What Are IRS Bank Levies? [Definition & Examples] | Brotman Law (2024)

Chapter 08

When the IRS attaches a levy to your bank account, you know they mean business. In short, the IRS can seize your checking and savings accounts and use the funds to satisfy your tax debt.

When that happens you feel helpless. You are facing having literally no money to live on. You are in an impossible situation, or so it feels.

That is why I wrote this chapter. I am going to explain what an IRS bank levy is how the process works. I am also going to tell you what criteria the IRS uses for issuing a levy against your bank accounts and included a list of expenses that are exempt from the levy.

You actually have a small window of time (21 days) from the time your bank receives the notice of lien from the IRS and when the funds are released to the IRS. If you are facing an IRS bank lien, then give me a call and I will show you what we can do during those precious three weeks.

What Is a Bank Levy?

When you owe a balance due to the IRS and fail to resolve that balance in a timely manner through one of the approved resolution methods, the IRS takes increasingly stern action to try and force compliance on your part. One of these avenues is through an IRS bank levy.
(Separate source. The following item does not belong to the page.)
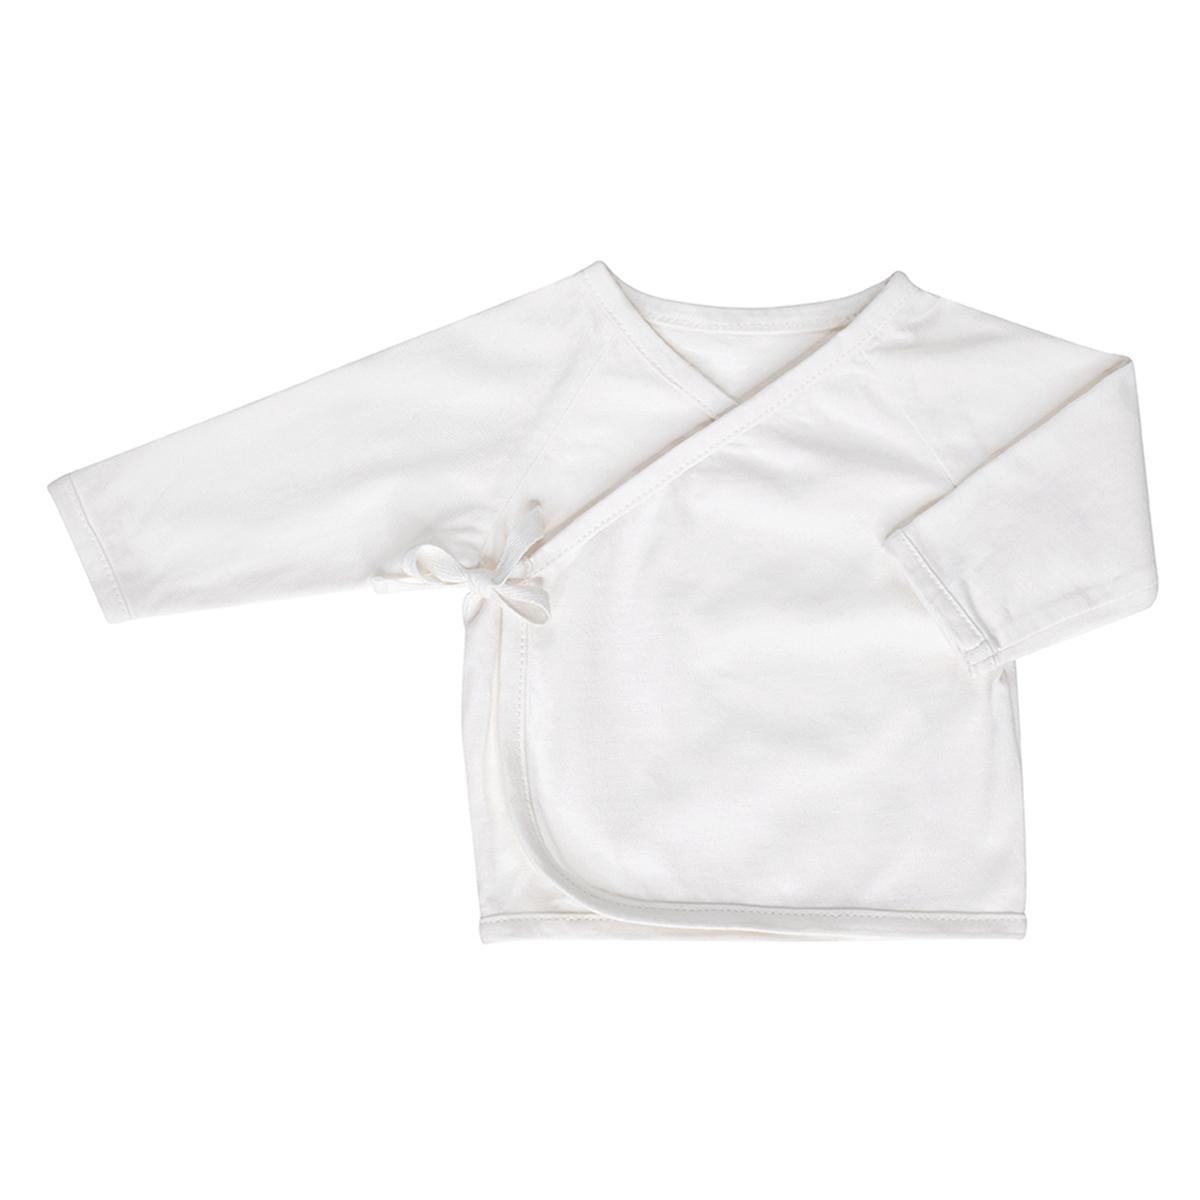 Haut bébé Cardigan Kimono Cream - 1 Mois Cardigan Kimono Cream - 1 Mois
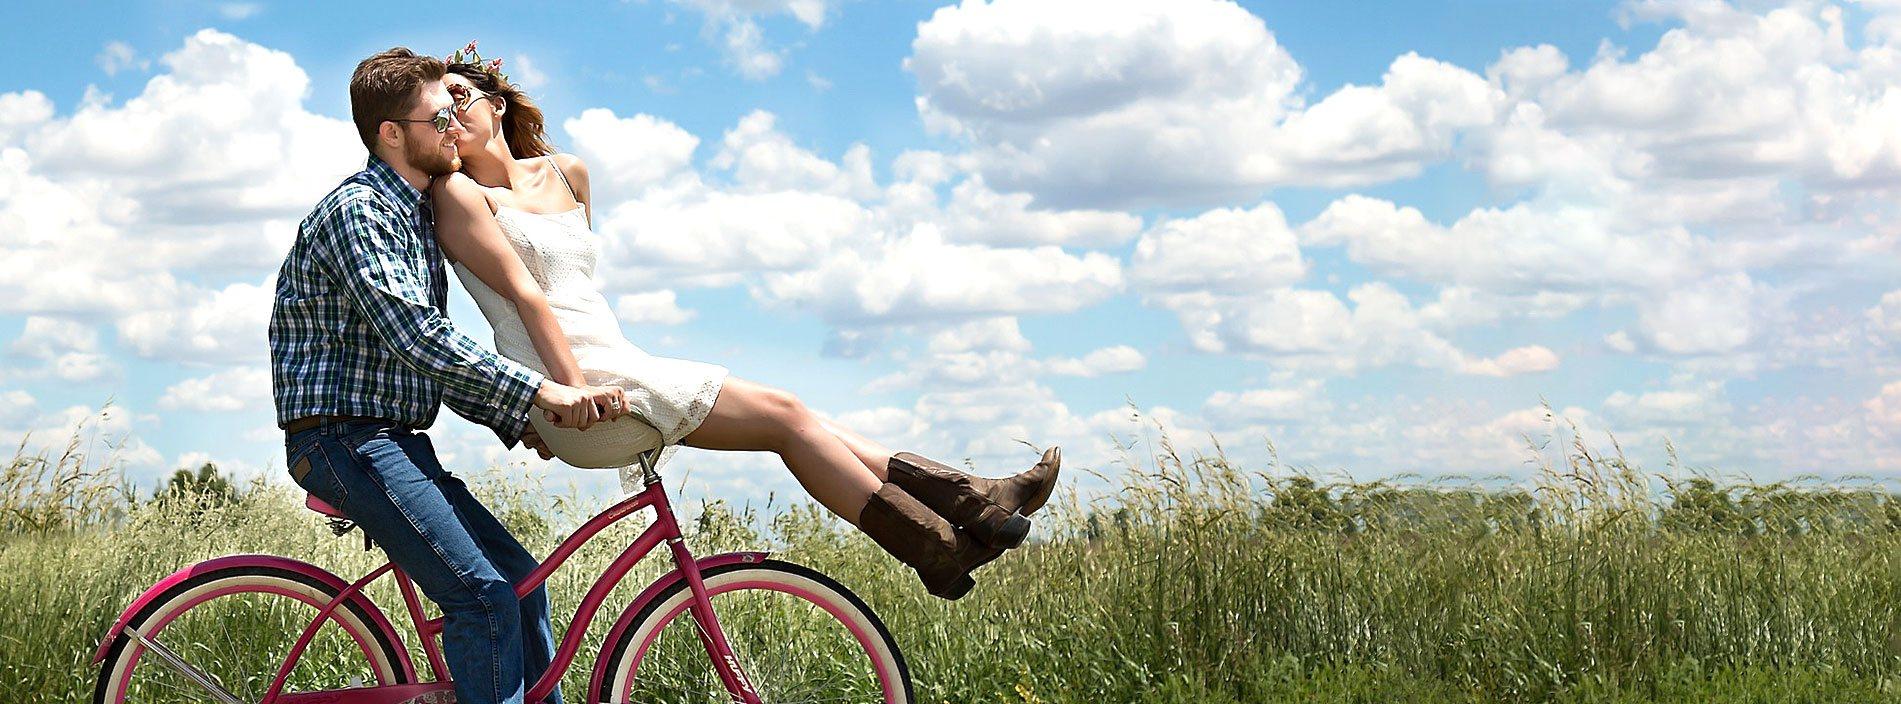 slider-fahrradtour

An IRS levy is defined as, “a legal seizure of your property to satisfy a tax debt.”[1] In the case of an IRS bank levy, the IRS takes money from your checking or savings account in order to satisfy your outstanding tax liability. Although the IRS is required to send notice of its intent to levy under statute, it usually does not tell you when it plans to seize money out of your checking account.

Sometimes this puts taxpayers in a precarious position because they count on funds being in these accounts that are no longer available due to the IRS levy.

The IRS bank levy process is initiated by a notice sent from the IRS to the bank that is holding your assets. Usually, the IRS will only send one levy notice at a time, but they will eventually get around to sending notices to every bank where they have reason to believe that you are holding assets in.

From this point, the bank retains the money for 21 days prior to releasing the funds to the IRS. After this 21-day period, the bank, by law, must release the funds to the IRS. No further action is required on the part of the IRS to receive funds. Taxpayers will not have access to any funds levied during this period.[1]

To add insult to injury, banks will usually charge an administrative processing fee to your account for handling the levy. Even if the levy is erroneous, getting this processing fee back from the IRS is not usually worth the time expended.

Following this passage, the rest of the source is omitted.